Can you print the data exactly and leave out each image?

Start of Block

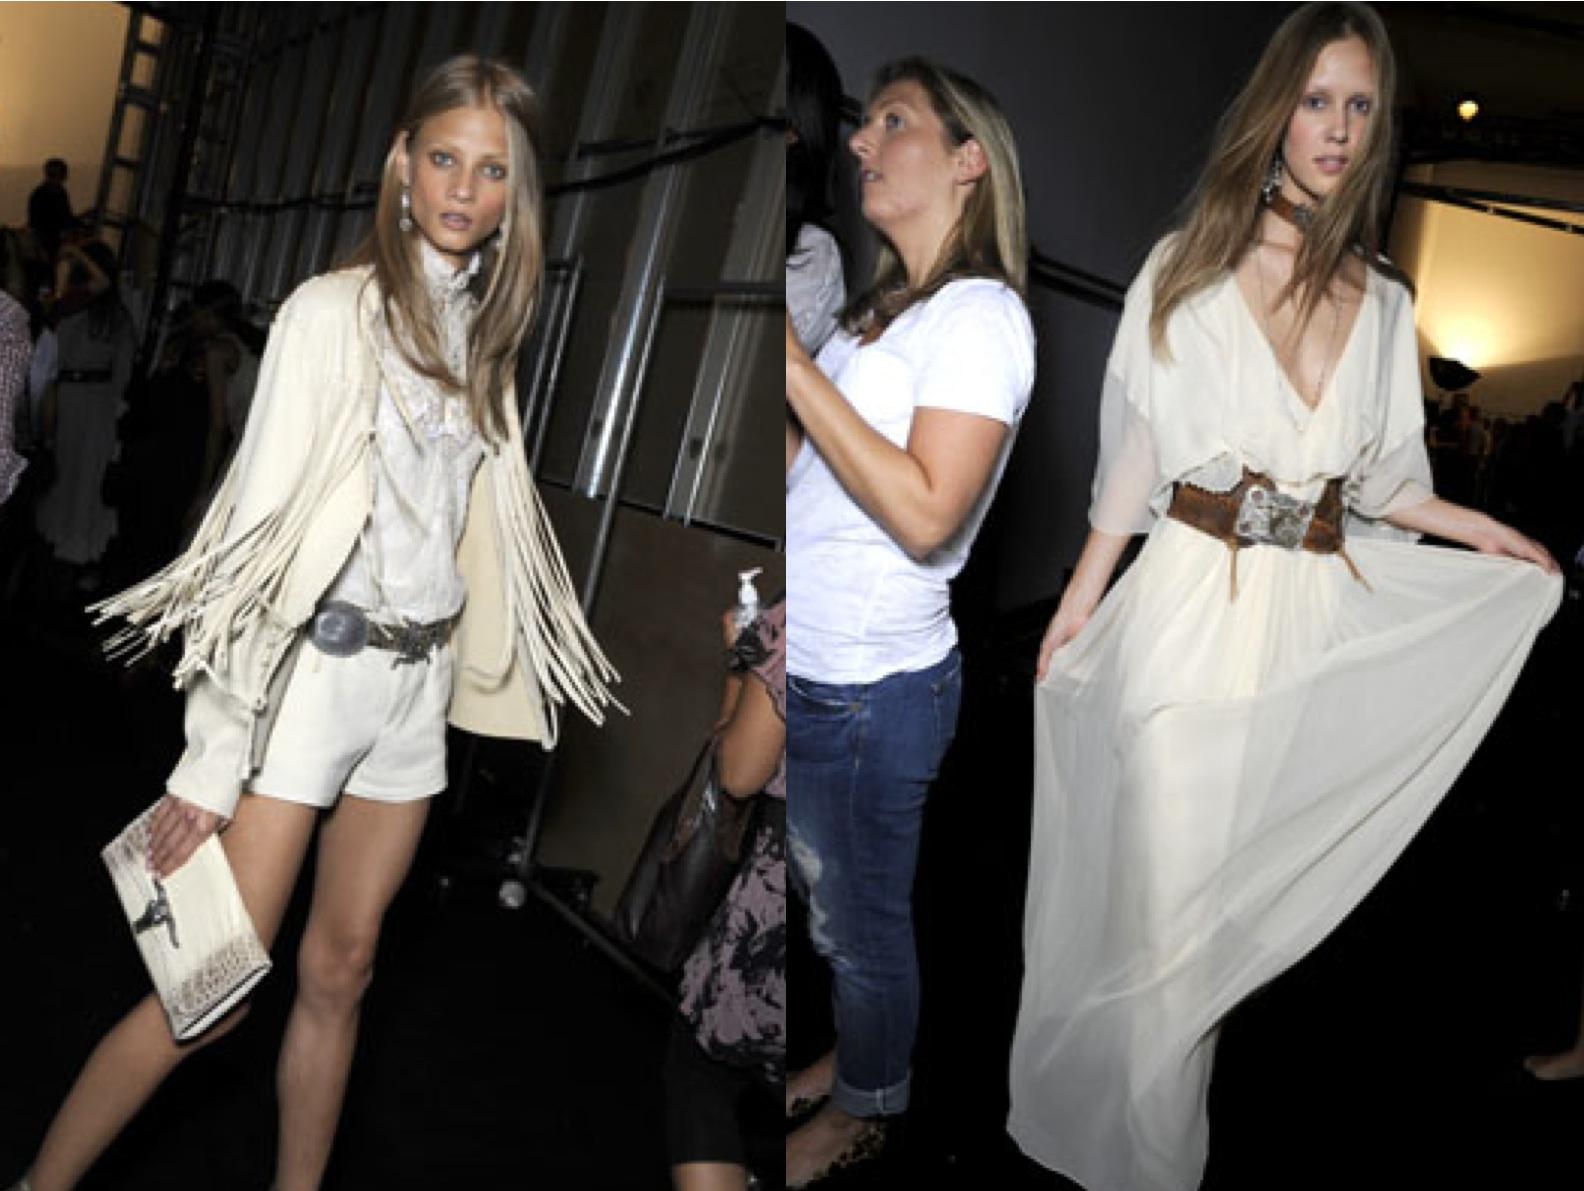 http://4.bp.blogspot.com/_PfmV3qvy8FY/TM-T5WOlDSI/AAAAAAAAAMw/pnnI12Ornp8/s1600/la+modella+mafia+Backstage+at+Ralph+Lauren+ss11+via+gobackstage+.jpg
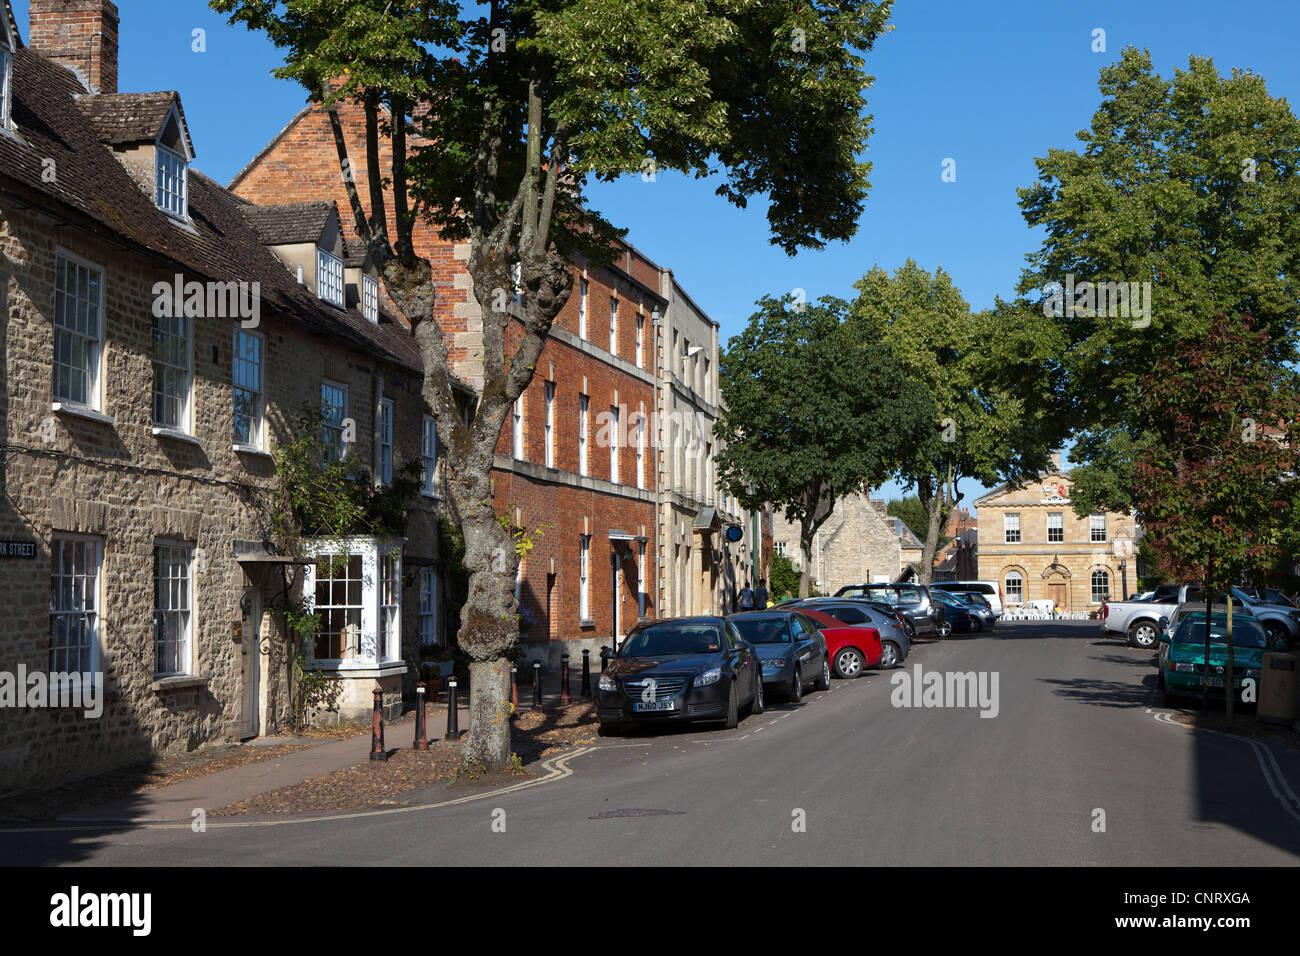 Calle principal con el ayuntamiento al final, Woodstock, Oxfordshire, REINO UNIDO Imagen De Stock
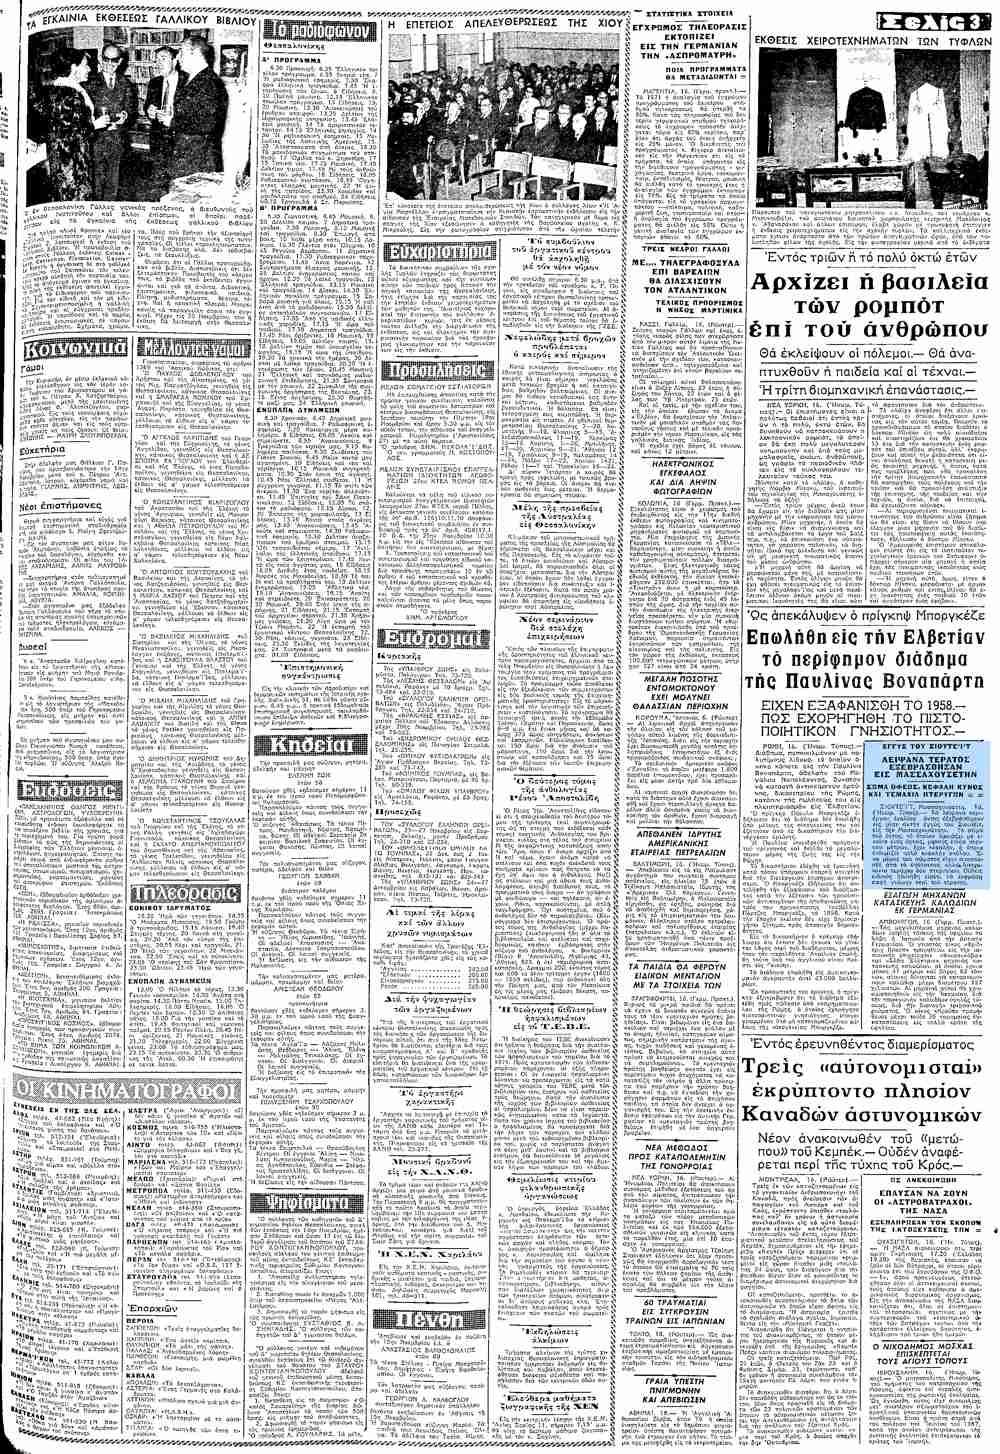 """Το άρθρο, όπως δημοσιεύθηκε στην εφημερίδα """"ΜΑΚΕΔΟΝΙΑ"""", στις 17/11/1970"""
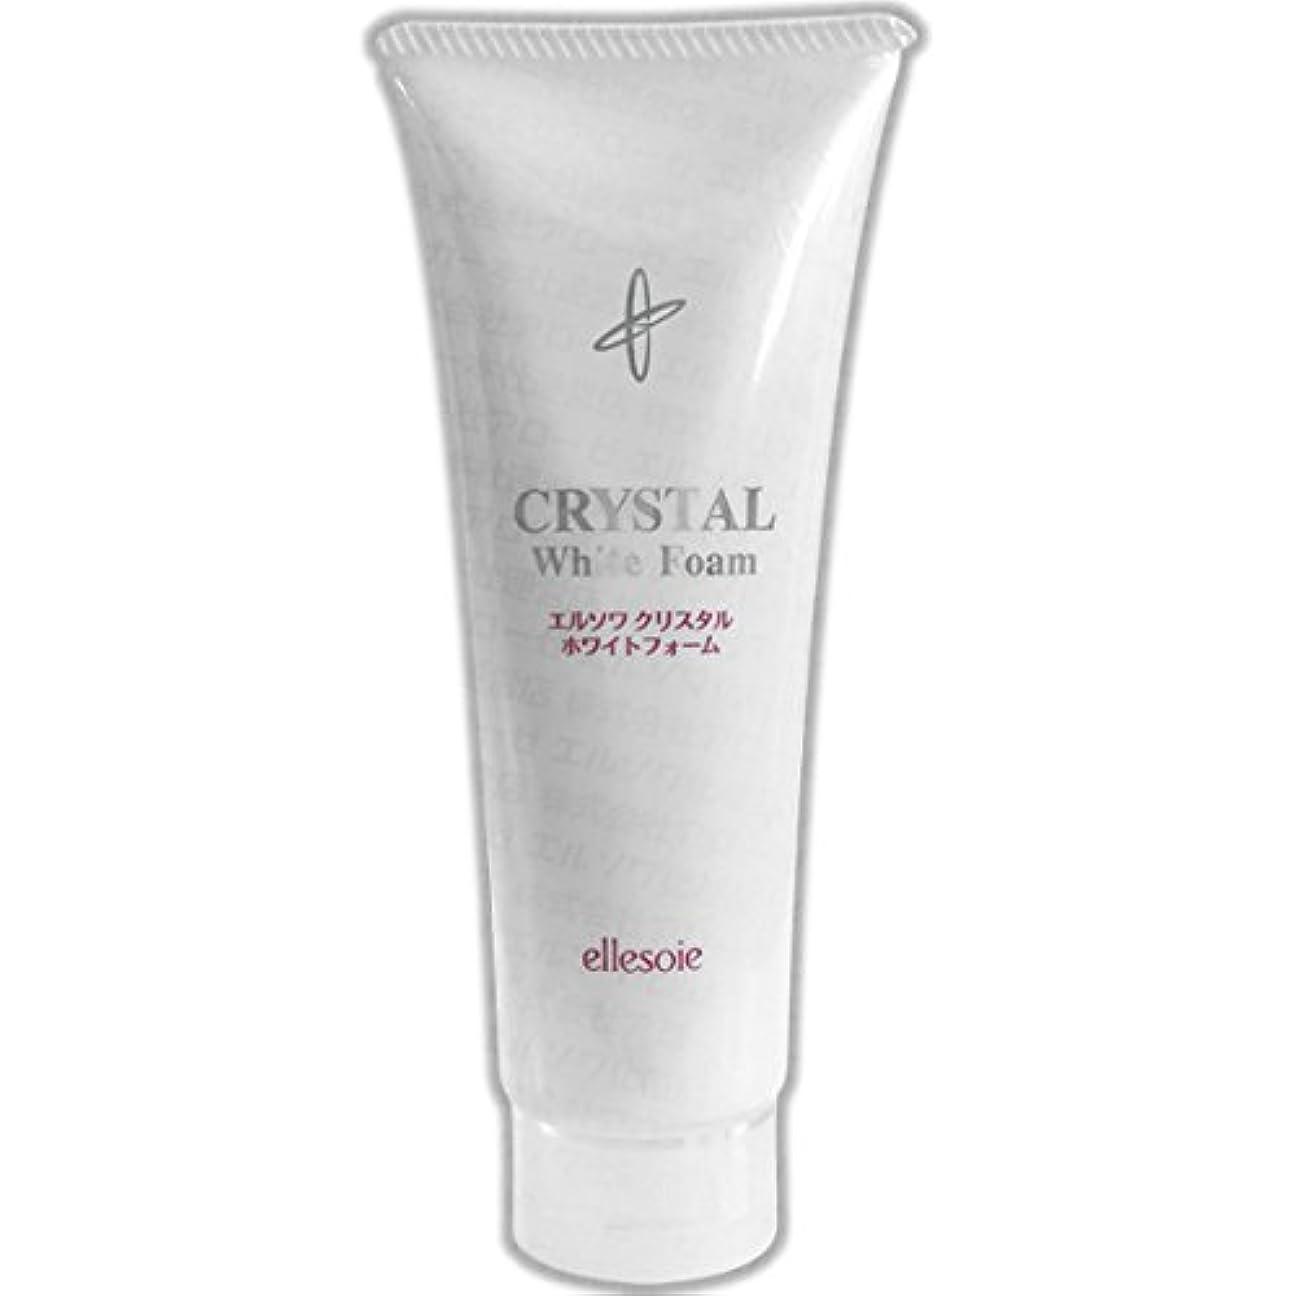 エルソワ化粧品(ellesoie) クリスタル ホワイトフォーム 洗顔
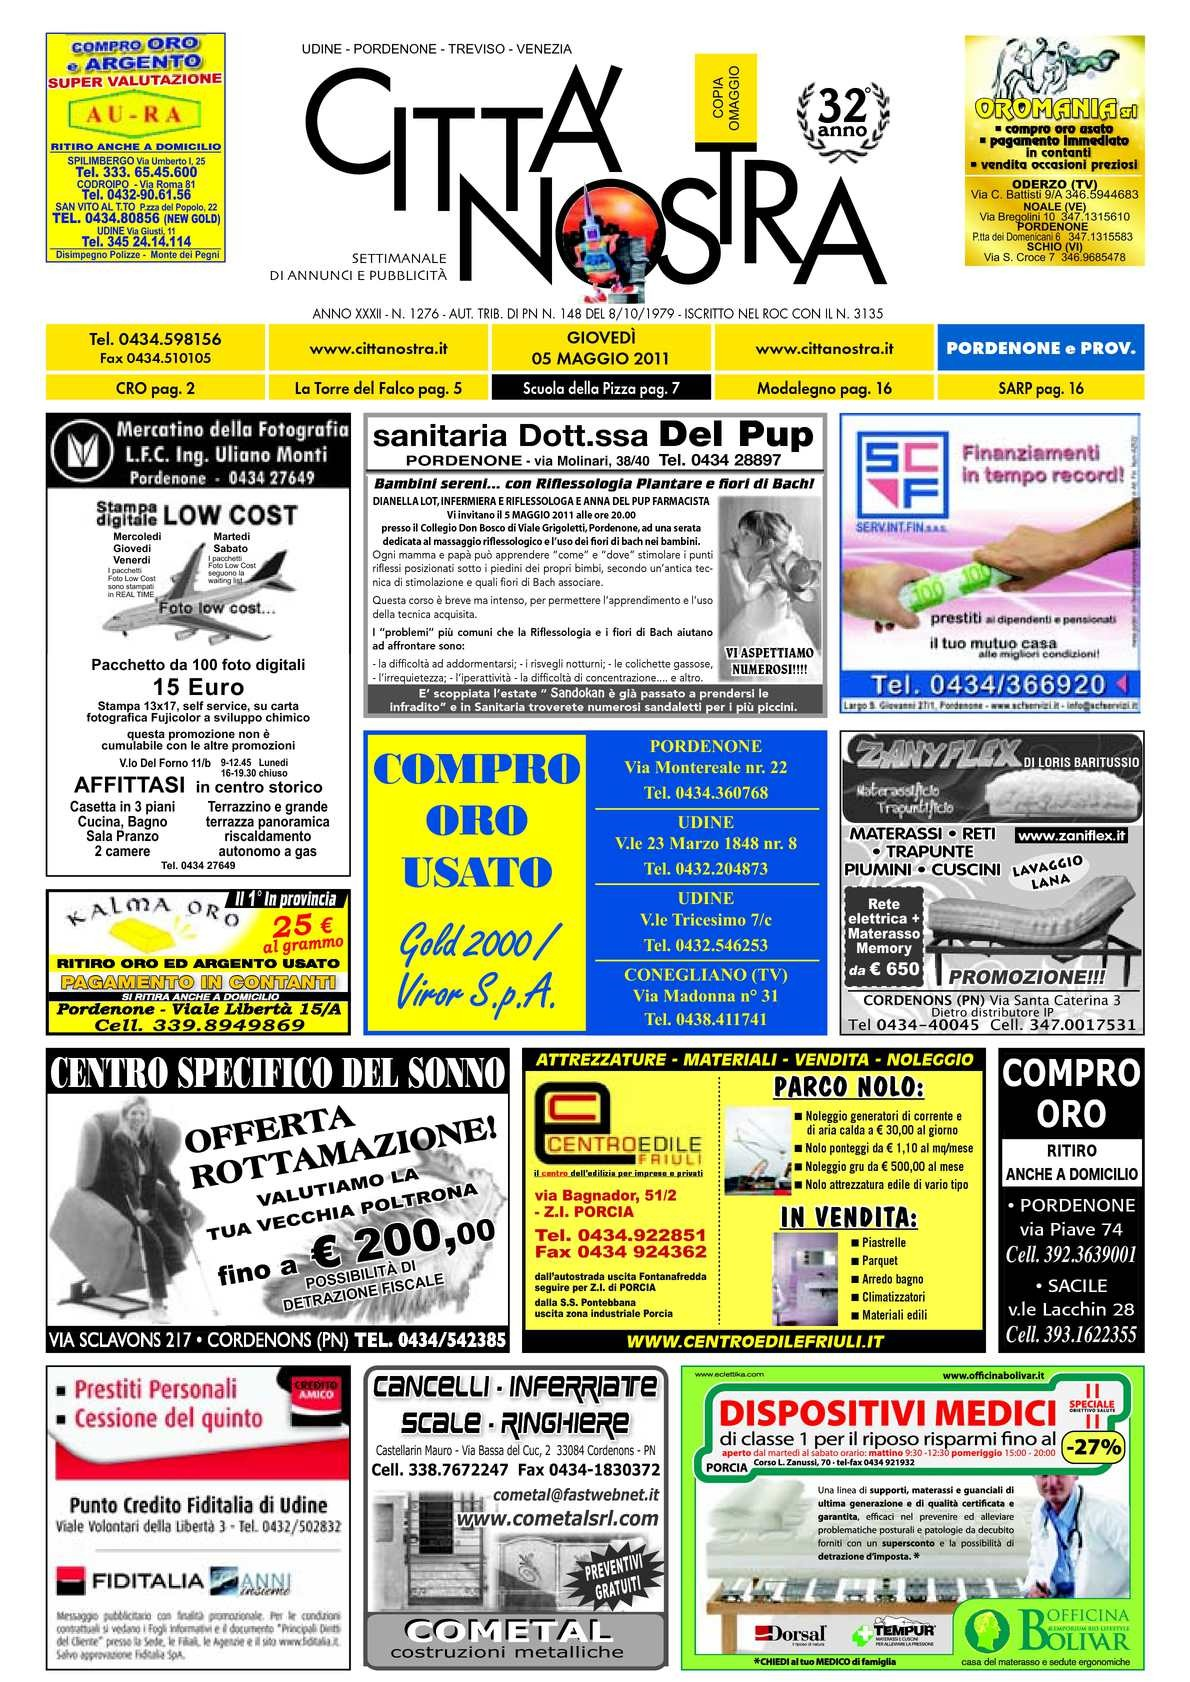 Calaméo Citt Nostra Pordenone del 05 05 2011 n 1276

End of Block

=== ANSWER BOX ===
 http://4.bp.blogspot.com/_PfmV3qvy8FY/TM-T5WOlDSI/AAAAAAAAAMw/pnnI12Ornp8/s1600/la+modella+mafia+Backstage+at+Ralph+Lauren+ss11+via+gobackstage+.jpg
 Calle principal con el ayuntamiento al final, Woodstock, Oxfordshire, REINO UNIDO Imagen De Stock
 """Το άρθρο, όπως δημοσιεύθηκε στην εφημερίδα """"ΜΑΚΕΔΟΝΙΑ"""", στις 17/11/1970"""
 エルソワ化粧品(ellesoie) クリスタル ホワイトフォーム 洗顔
 Calaméo Citt Nostra Pordenone del 05 05 2011 n 1276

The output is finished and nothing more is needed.